Pelantikan Sekretaris Dewan Kota Palu Tanpa Persetujuan DPRD
- account_circle admin
- calendar_month Jum, 9 Jan 2026

Ketua DPRD Kota Palu, Rico A.T Djanggola, S. Kom, M.Buss. Sumber:Idtimes
IDTIMES.co.id.|Palu – Pelantikan Sekretaris Dewan Kota Palu, bersamaan Organisasi Perangkat Daerah (OPD) lainnya, yang baru saja di lantik oleh Walikota Palu Hadianto Rasyid tanggal 7 Januari 2026 menuai polemik, karena tidak mendapat persetujuan dari pimpinan DPRD kota Palu bersama seluruh Fraksi, secara kelembagaan.
Ketua DPRD Kota Palu, Rico, A.T Djanggola, S.Kom, M.Buss kepada media online IDTIMES di ruang kerjanya kemarin (8/1/2026) mengatakan bahwa, pelantikan dan pengambilan sumpah Sekretaris Dewan Kota Palu yang baru, Nawab Kursaid, S,sos, Msi oleh walikota Palu Hadianto Rasyid, menyalahi prosedur karena tidak mendapat persetujuan DPRD Kota bersama seluruh Fraksi yang ada.
Hal ini sangat bertentangan dengan Undang-undang nomor 23 tahun 2014, pasal 125 tentang mekanisme pengusulan dan pelantikan Sekretaris Dewan.
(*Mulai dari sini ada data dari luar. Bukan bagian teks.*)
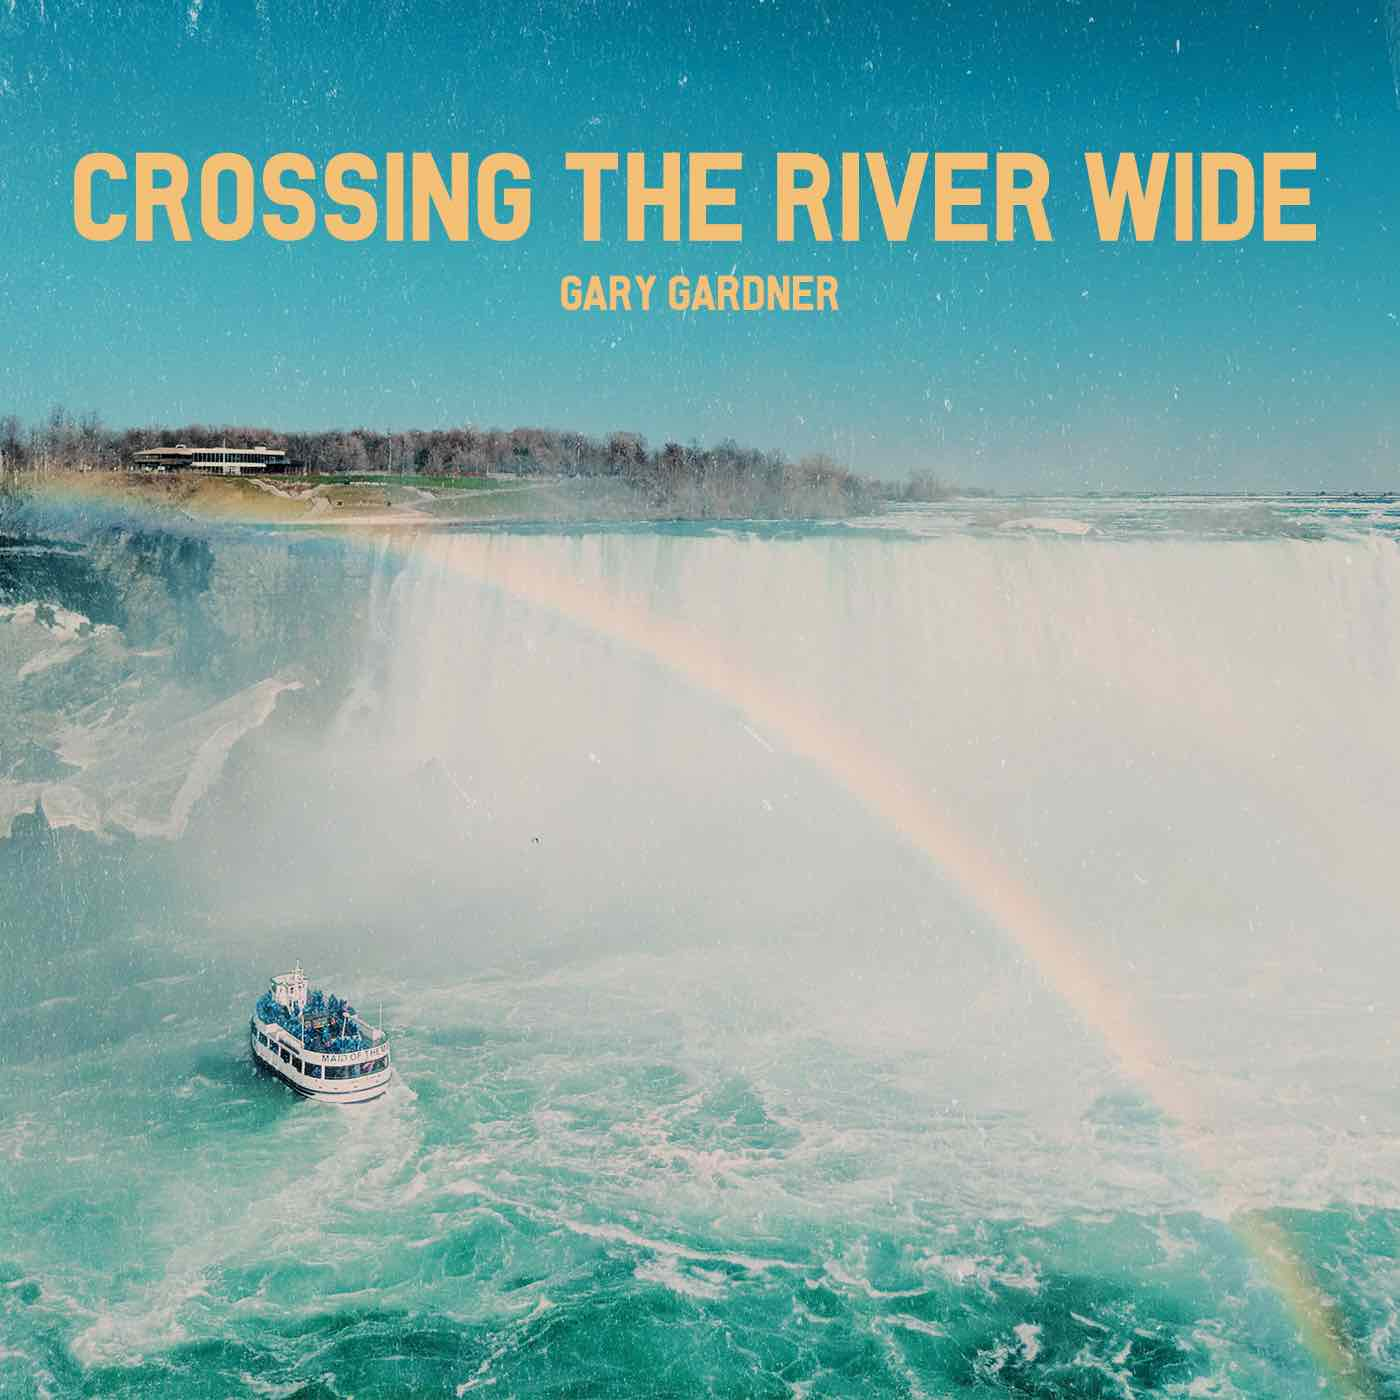 Crossing-The-River-Wide-Gary-Gardner

“Secara kelembagaan DPRD Kota Palu tidak mempermasalahkan OPD-OPD yang lain yang telah dilantik, kami hanya meminta usulan kami untuk posisi Sekwan mohon dipertimbangkan,”ujar Rico Djanggola yang juga politisi Gerindra yang di Amini oleh salah seorang anggota DPRD kota dari Fraksi PDIP, Moh Haekal Ishak.
“Tolonglah suara kami juga di dengar, sebab secara kelembagaan disitu juga ada hak DPRD menentukan layak tidaknya seseorang untuk menempati posisi sebagai Sekretaris Dewan,” tambahnya.
Lanjutnya, secara kelembagaan DPRD Kota Palu akan mengirim surat kepada Walikota Palu Hadianto Rasyid, meminta untuk segera membatalkan dan meninjau kembali keputusan pelantikan Sekretaris Dewan Kota agar tidak menjadi polemik.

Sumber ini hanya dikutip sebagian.